Deconvoluting spatial data

With the deconvolution_spatial workflow, one or multiple spatial slides can be deconvoluted in one run. For that, a MuData object for each slide is expected, with the spatial data saved in mdata.mod["spatial"]. The spatial slides are deconvoluted using the same reference. For the reference, one MuData with the gene expression data saved in mdata.mod["rna"] is expected as input.

The workflow provides the possibility to run deconvolution using Cell2Location and Tangram.

Steps

Cell2Location

For the reference and each spatial slide the following steps are run.

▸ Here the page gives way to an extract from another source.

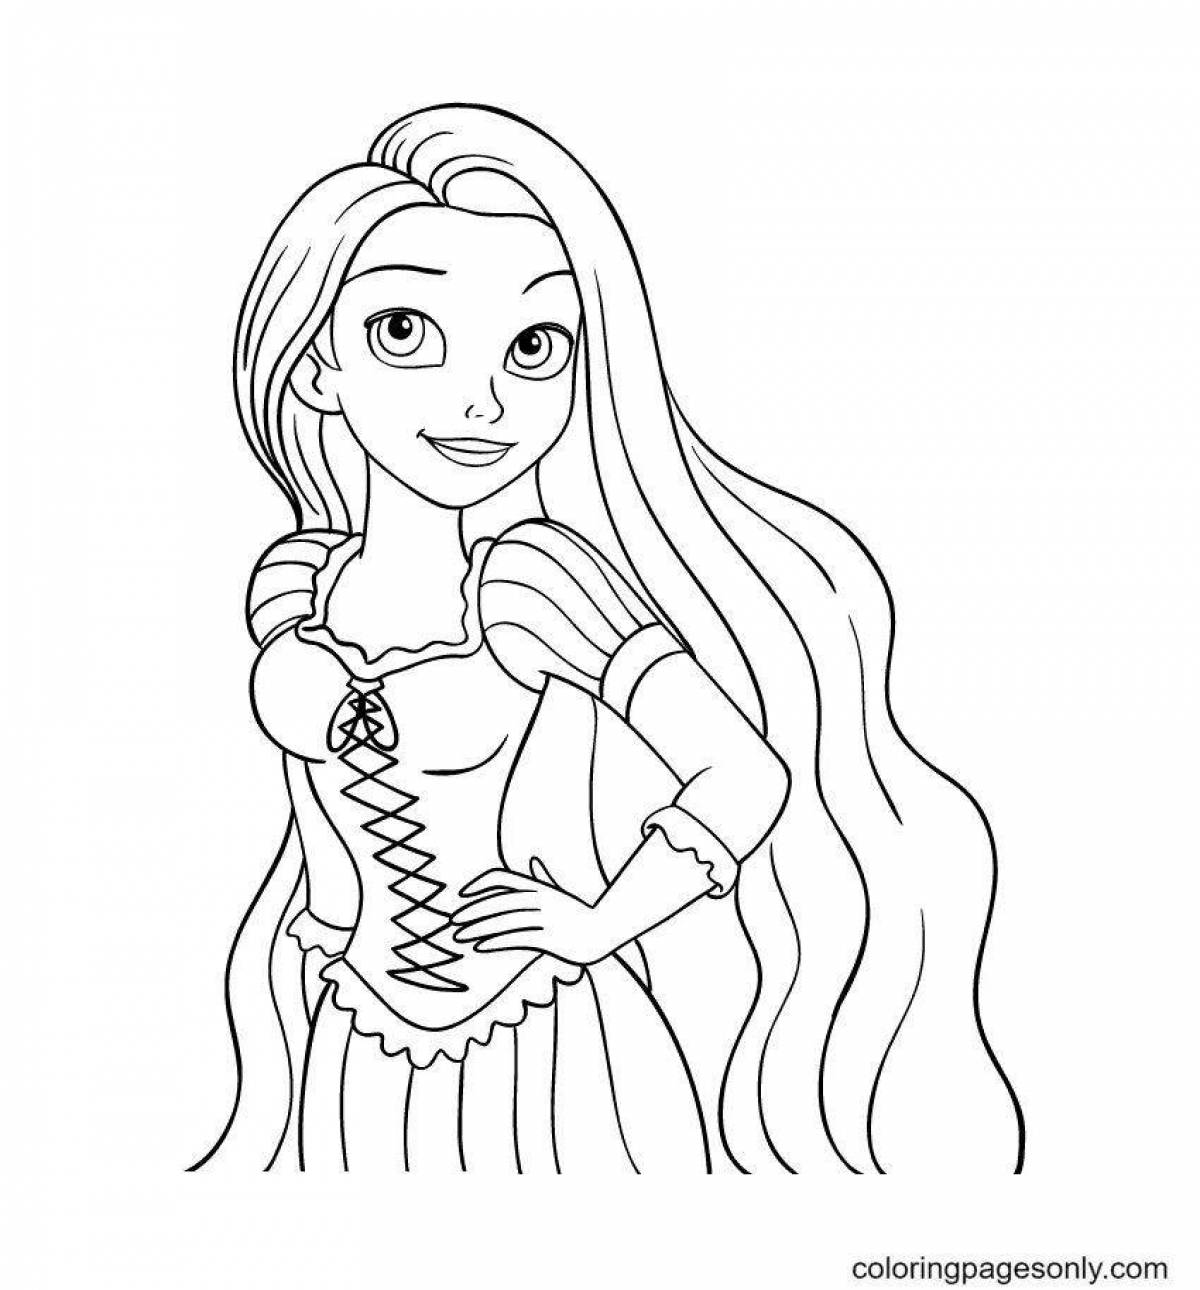 A funny rapunzel coloring book for kids

Note, that if multiple slides are deconvoluted in one run, the same parameter setting is used for each slide.

  • Gene selection. There are two possibilities for the gene selection:

    1. Genes of a user-provided feature set (csv-file) are used for deconvolution. All genes of that gene list need to be present in both, spatial slides and scRNA-Seq reference.

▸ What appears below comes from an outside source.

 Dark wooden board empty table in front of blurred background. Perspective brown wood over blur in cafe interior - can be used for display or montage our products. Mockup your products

    2. Feature selection performed according to Cell2Location, i.e. via the function: cell2location.utils.filtering.filter_genes

    Note: if no csv-file is provided by the user, the workflow will run the feature selection via the function: cell2location.utils.filtering.filter_genes. Thus, gene selection is not optional.

  • Regression/reference model is fitted and a plot of the training history as well as QC plots are saved in the ./figures/Cell2Location directory. Additionally, a csv-file Cell2Loc_inf_anver.csv with the estimated expression of every gene in every cell type is saved in ./cell2location.output.

  • (Optional) Reference model is saved in ./cell2location.output

  • Spatial mapping model is fitted. Training history and QC plots are saved in the ./figures/Cell2Location directory. Plot of the spatial embedding coloured by q05_cell_abundance_w_sf is also saved in ./figures/Cell2Location.

  • (Optional) Spatial mapping model is saved in ./cell2location.output

  • MuData objects of the spatial slide and the reference are saved in ./cell2location.output. The MuData object of the spatial slide contains the estimated cell type abundances.

Tangram

For the reference and each spatial slide the following steps are run. Note, that if multiple slides are deconvoluted in one run, the same parameter setting is used for each slide.

  • Gene selection with two possibilities:

    1. Genes of a user-provided feature set (csv-file) are used for deconvolution. All genes of that gene list need to be present in both, spatial slides and scRNA-Seq reference.

    2. sc.tl.rank_genes_groups is used to select genes. The top n genes of each group make up the reduced gene set.

    Note: if no csv-file is provided by the user, the workflow will run the feature selection via sc.tl.rank_genes_groups. Thus, gene selection is not optional.

  • Data is preprocessed with tangram.pp_adatas

  • Tangram model is fitted with tangram.mapping_utils.map_cells_to_space and annotations are transfered from single-cell data onto space with tangram.project_cell_annotations

  • Plot of the spatial embedding coloured by tangram_ct_pred is saved in ./figures/Tangram

  • MuData objects of the spatial slide and the reference are saved in ./tangram.output. The MuData object of the spatial slide contains the deconvolution predictions.

Steps to run

  1. Activate conda environment conda activate pipeline_env

  2. Generate yaml and log file panpipes deconvolution_spatial config

  3. Specify the parameter setting in the pipeline.yml file

  4. Run complete deconvolution workflow with panpipes deconvolution_spatial make full --local

The Deconvoluting spatial data tutorial guides you through deconvolution workflow of Panpipes step by step.